# Collaborative Filtering for Implicit Feedback Datasets

### Cost function for squared error with regularization

Across all x (users) and y (items), find the values of u and i that minimize the summation below.

$\underset{x,y}min\underset{u,i}\sum 
c_{ui} (p_{ui} - x_u^Ty_i)^2 + \lambda
(\underset u \sum \parallel x_u \parallel ^2
+\underset u \sum \parallel y_i \parallel ^2)$

##### Where:

$x_u$ is user vector,
$y_i$ is item vector.

$p_{ui} = 1$ if interaction, 
$p_{ui} = 0$ if no interaction.

$c_{ui} = 1 + \alpha * r_{ui}$, where
$r_{ui}$ = number of user item interactions.

$\lambda$ is regularization term.

#### Explanation of cost function

We take the squared error of our prediction and 
multiply by the confidence, and regularize our $x$ and $y$ vectors with $\lambda$ to penalize overfitting. (larger values or smaller values?)

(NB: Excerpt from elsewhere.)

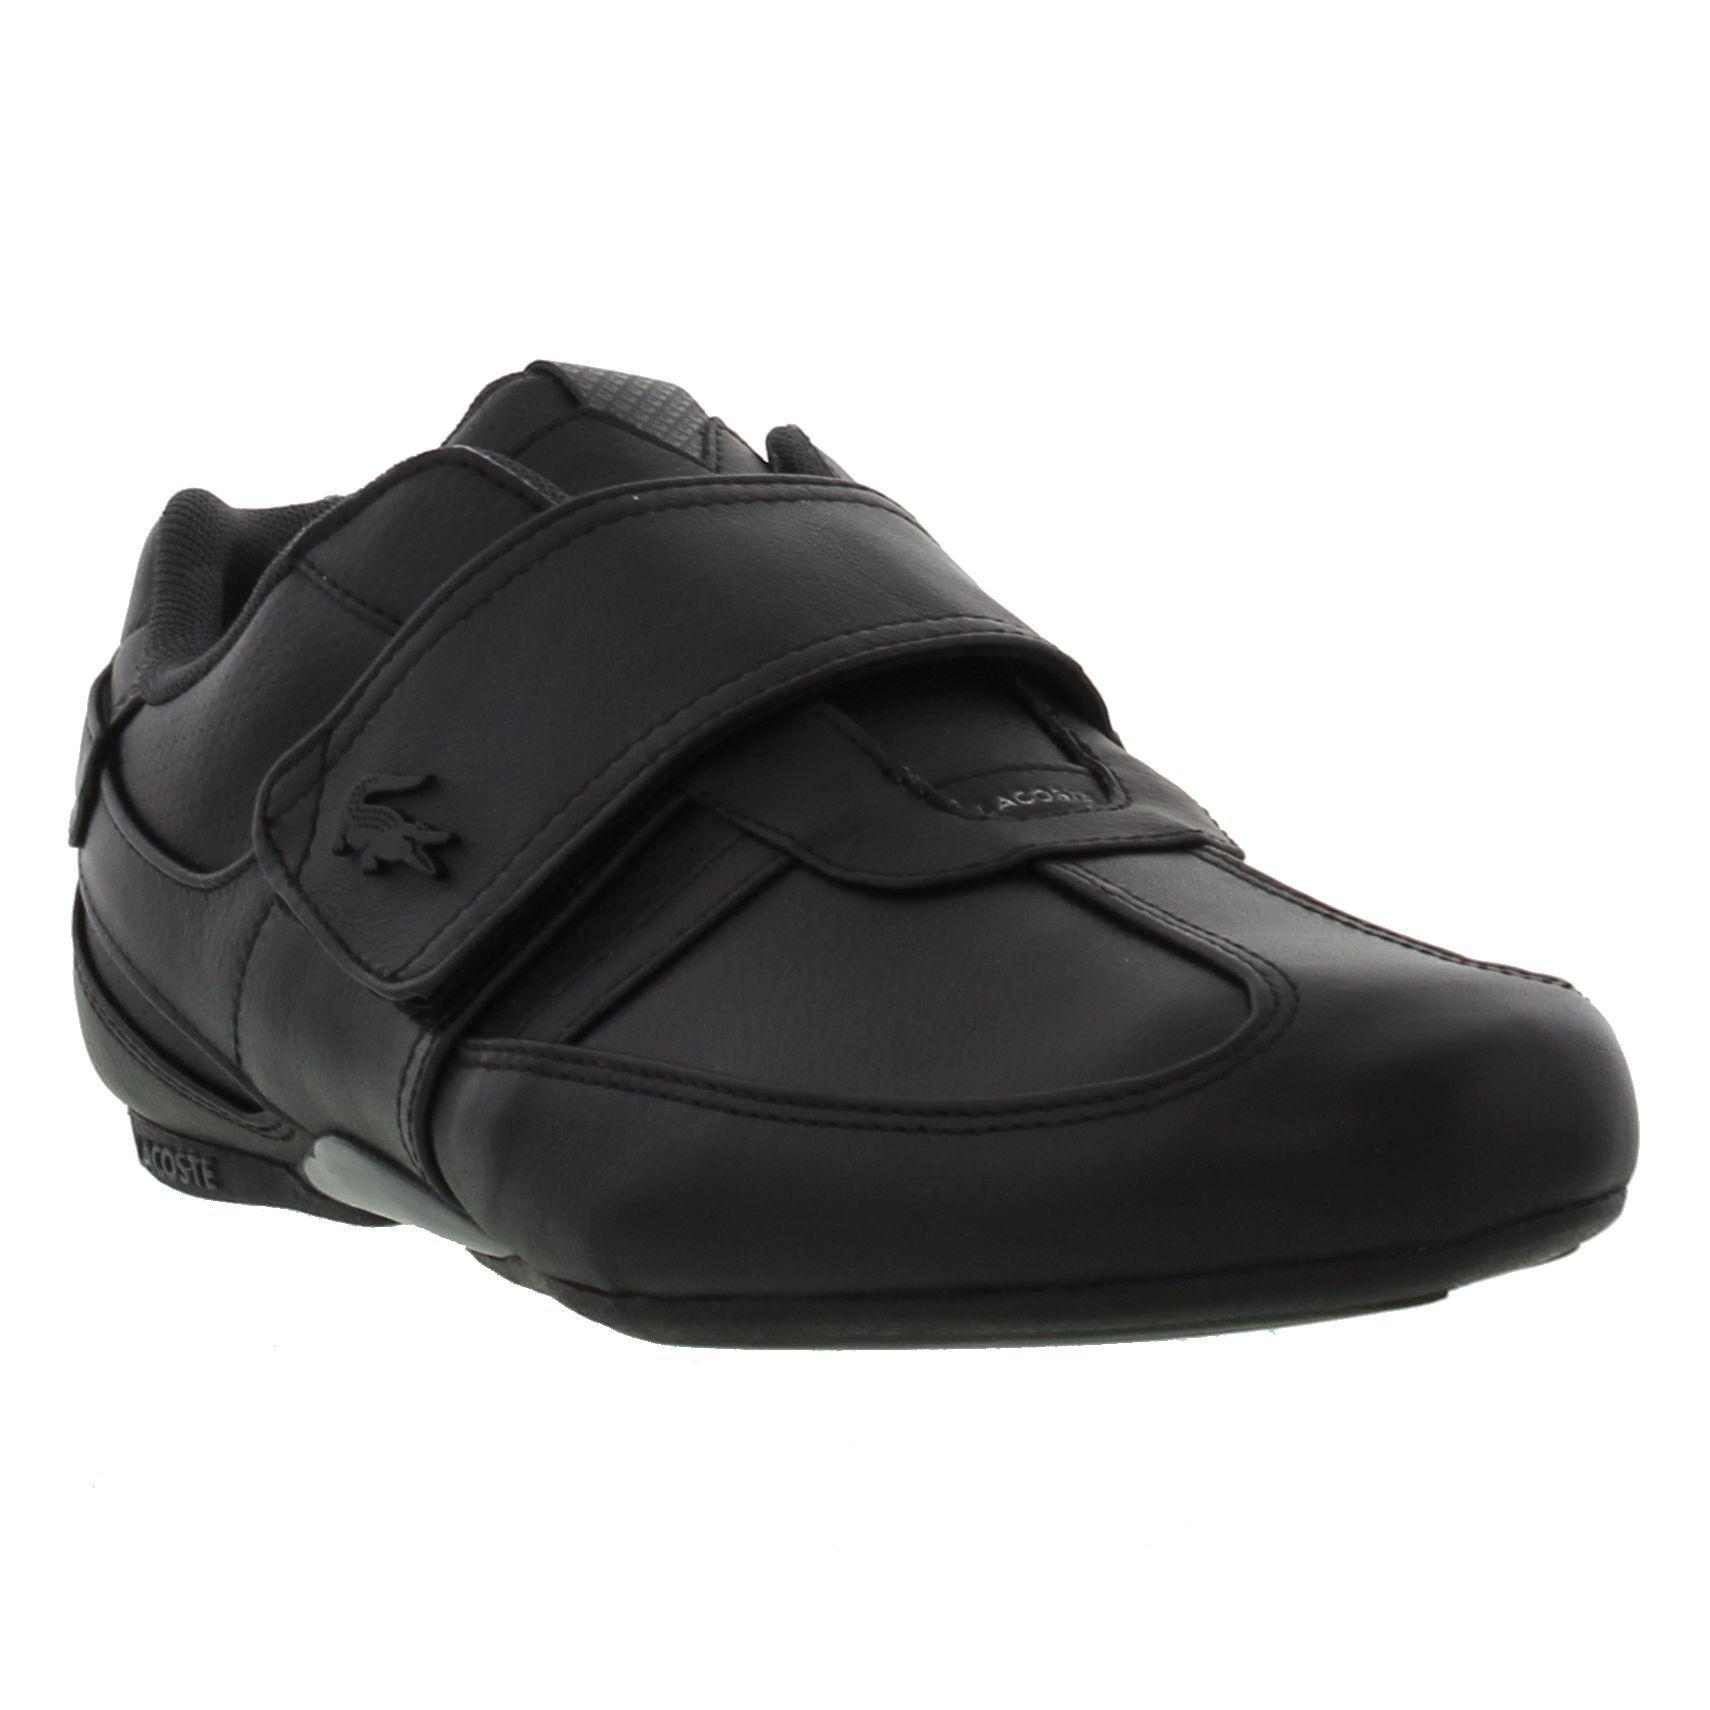 7a1c7eb6cbbb5e Lacoste Mens Protected PRM US SPM Trainers Black Black - £67.95 ...

$\alpha$ allows us to influence our confidence levels. Clearly, our confidence increases when a producer samples the same artist multiple times, but by how much? $\alpha$ determines how important multiple samples are.

We add 1 so that non-interactions are not lost during the cost calculation.

### ALS Algorithm

However, we can't use the cost function above because of the size of the dataset. (m * n terms)

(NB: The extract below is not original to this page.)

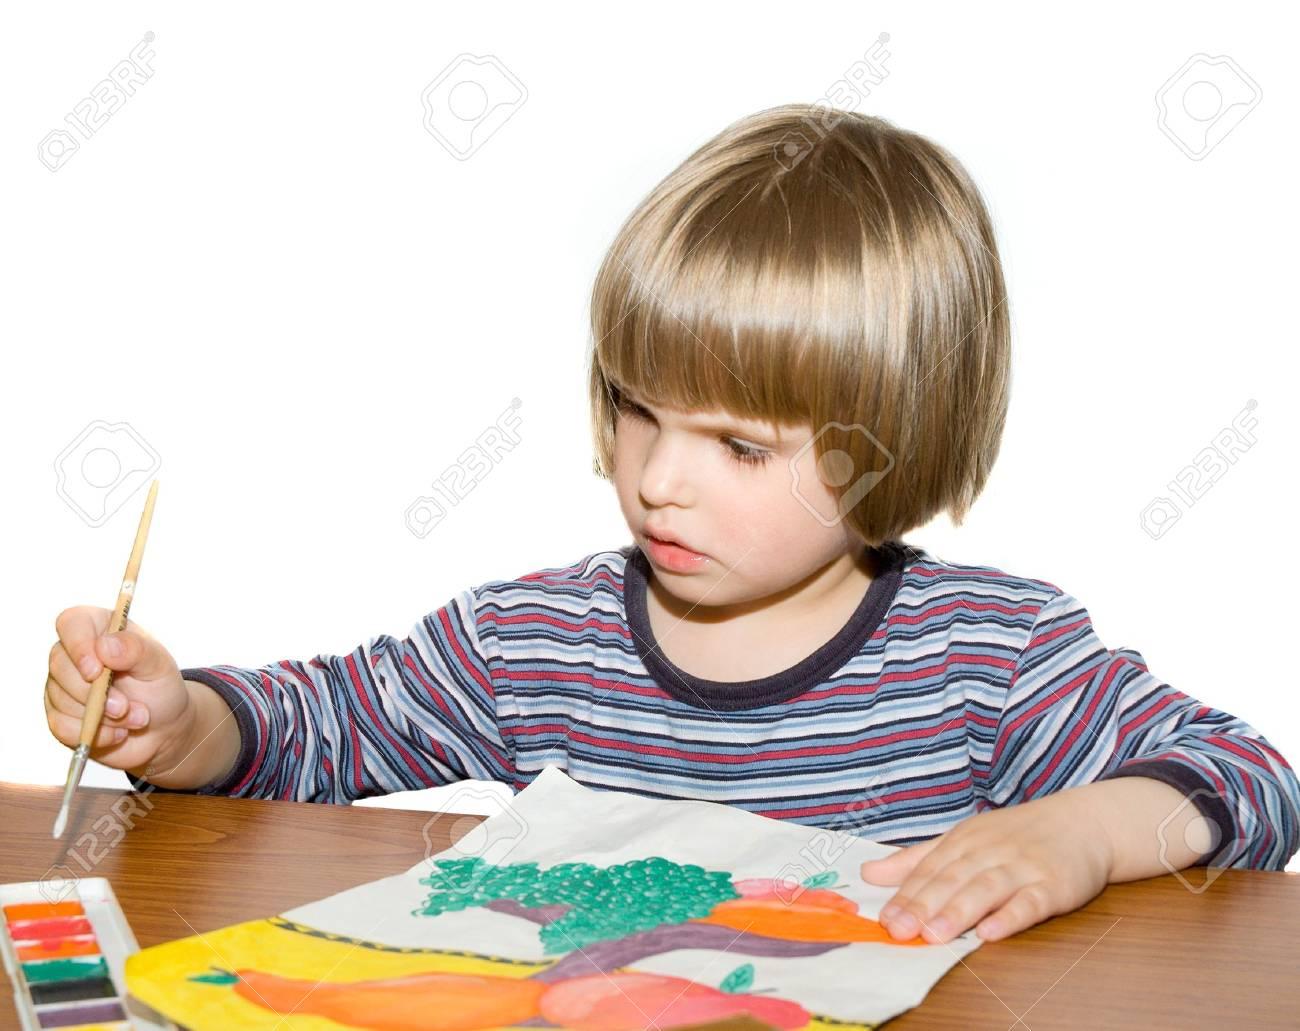 child draws paints Stock Photo - 3058103

Therefore we modify the cost function to Alternating Least Squares, which works by holding either user vectors or item vectors constant and calculating the global minimum, then alternating to the other vector.

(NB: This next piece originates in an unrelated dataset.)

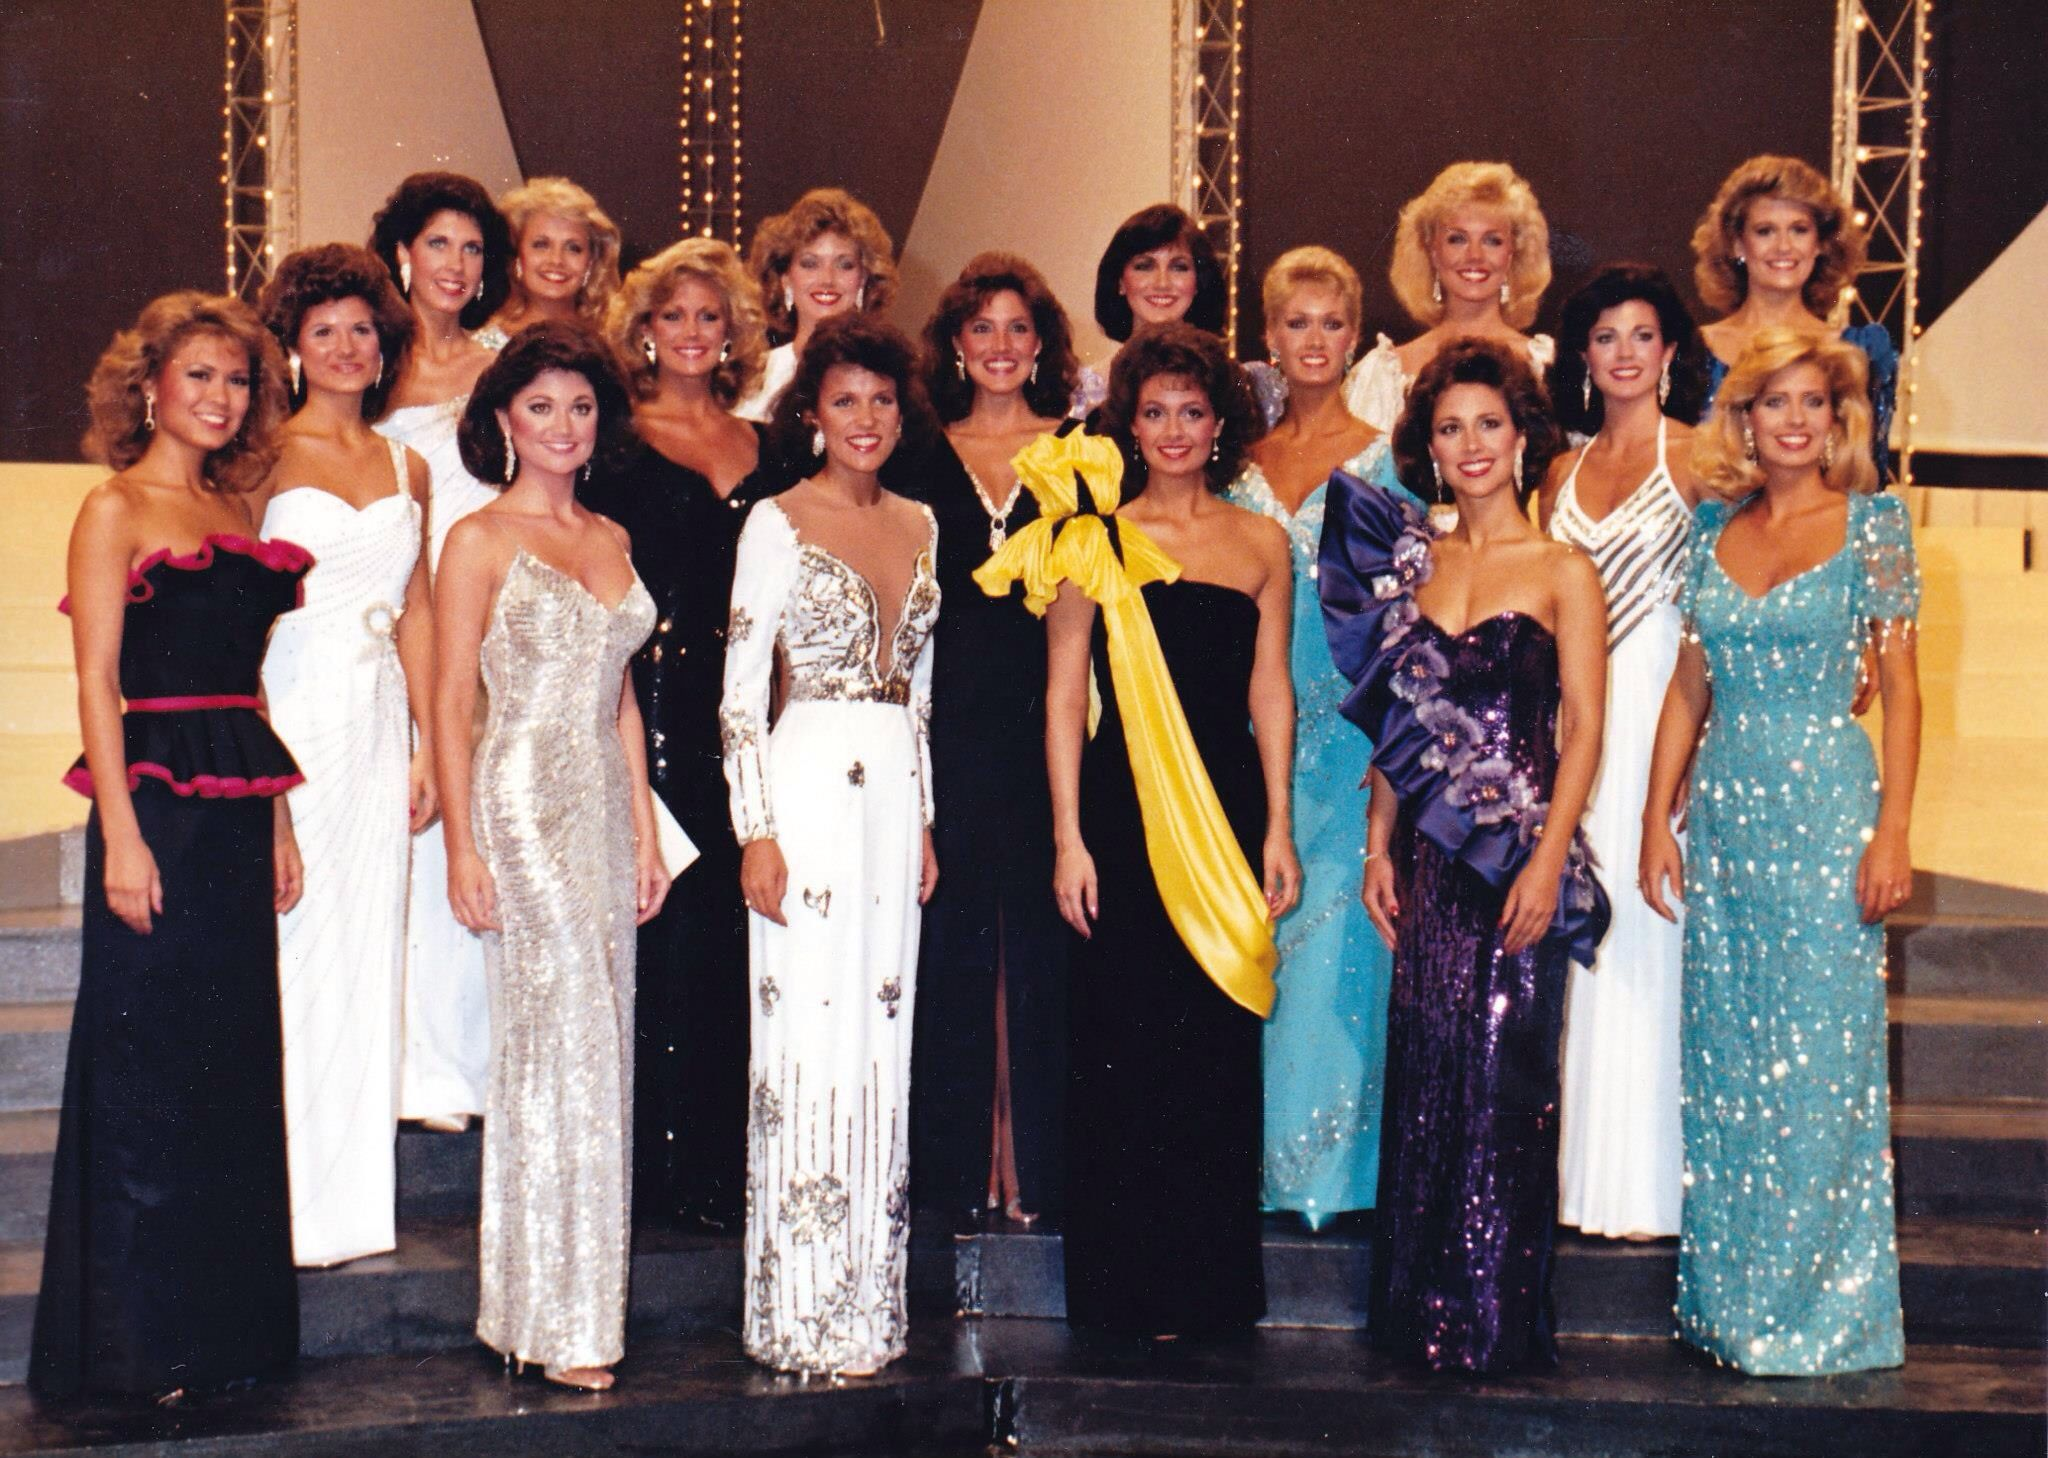 Miss America Contestants In Evening Gown In 1985 [ 1458 x 2048 Pixel ]

#### Recompute user factors

$x_u = (Y^T C^u Y + \lambda I)^{-1}  Y^T C^u p(u)$

##### Where:

$Y$ is $n * f$ matrix of item-factors. 

$C^u$ is a $n*n$ diagonal matrix for user $u$ where $C^u_{ii} = c_{ui}$. This is our confidence matrix for n items.

$p(u)$ is vector of preferences for user $u$.


#### Recompute item factors

$y_i = (X^TC^iX + \lambda I)^-1 X^TC^ip(i)$

##### Where:
$X$ = $m * f$ matrix  of user_factors. 

$C^i$ is $m * m$ diagonal matrix for each item $i$ where $C_{uu}^i = c_{ui}$

$p(i)$ is vector of preferences for item $i$.

# Explaining the recommendation

1. Substitute in for user factors the equation for user factors
$x_u = (Y^T C^u Y + \lambda I)^{-1}  Y^T C^u p(u)$



Predicted preference of user $u$ at item $i$ 

$\hat{p}_{ui} = y_i^Tx_u$

Thus

$\hat{p}_{ui} =  y_i^T(Y^T C^u Y + \lambda I)^{-1}  Y^T C^u p(u)$

Denote $f*f$ matrix $(Y^T C^u Y + \lambda I)^{-1}$ as $W^u$

$W^u$ is considered the weight for user $u$